At a customer site, we now experienced some 'shmat' failures
with errno = EINVAL. They are intermittent and may occur at
peak load times, I cannot check the machine load from here.
Checking our code (which had no problems in that area for long time)
and the reference manual for 'shmat', we see no reason for that.
It just mentions 4 possible reasons for EINVAL:
1) The SHM_RDONLY and SHM_COPY flags are both set.
2) The SharedMemoryID parameter is not a valid shared memory identifier.
3) The SharedMemoryAddress parameter is not equal to 0, and ...
points outside the address space of the process.
4) The SharedMemoryAddress parameter is not equal to 0,
the SHM_RND flag is not set in the SharedMemoryFlag parameter,
and ... points to a location outside of ...
In this case, both the code and the error message written by it agree:
1) The flag parameter is 0 - none set.
2) The ID is valid, a call to 'shmctl ( id, IPC_STAT, ...)'
(immediately after the error) returns information as expected.
The segment was created at server start (hours or days ago).
3+4) The address passed is 0.
The site runs AIX 4.3.2.0 on a 4-way SMP machine.
Questions:
a) Are there any known problems with 'shmat' in general,
or with AIX 4.3.2.0, or on SMP machines ?
b) Is there any specific PTF or other SW upgrade they should
install ?
c) Is there any other known reason for 'shmat' to return EINVAL
than the four I quoted from the manual ?
It now appears that the segment in question has the "delete"

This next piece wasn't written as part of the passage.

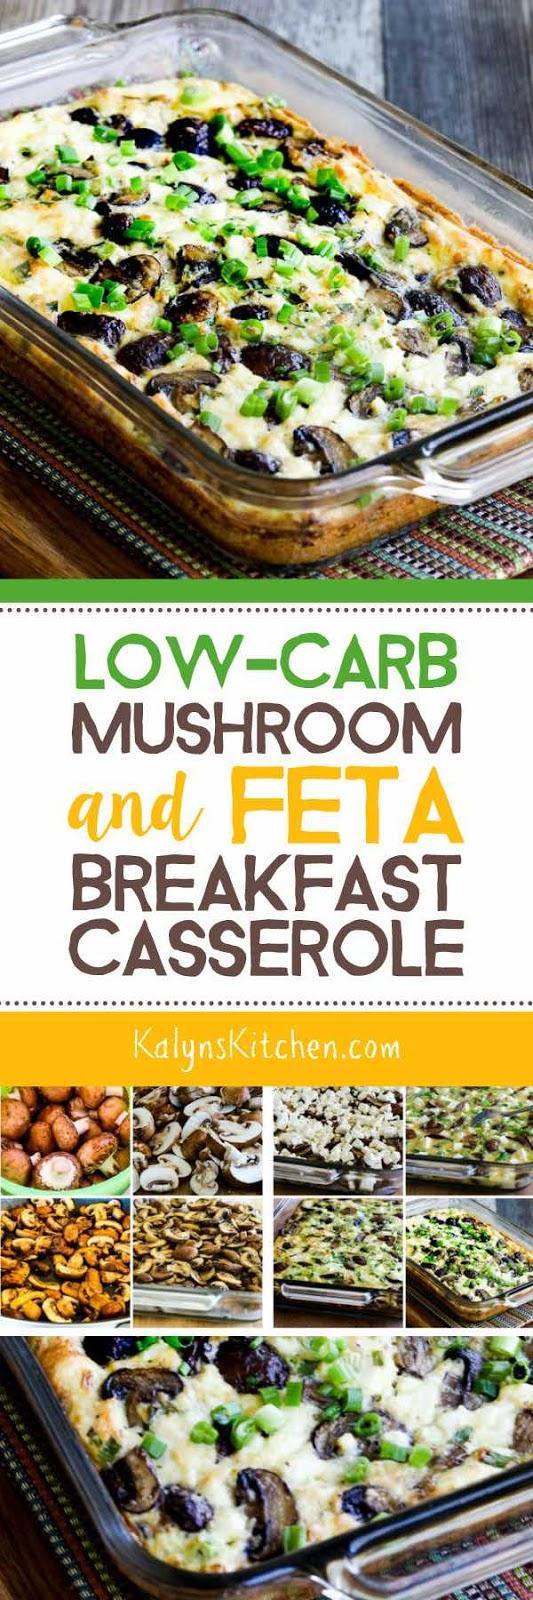 Low-Carb Mushroom and Feta Breakfast Casserole found on KalynsKitchen ...

flag set (but still exists because it is still attached by
some processes) - is this a reason for the errno value "EINVAL" ?
d) If the "delete" is the reason - are there any known problems
or effects which would cause AIX or some component to
accidentally delete a SHM segment, or to apply the "delete"
to another segment than the intended one ?
Two cases we analyzed both had it happen to ID 16 - any clue ?
Thank you for all hints.
Regards, Joerg Bruehe
--
Joerg Bruehe, SQL Datenbanksysteme GmbH, Berlin, Germany
(speaking only for himself)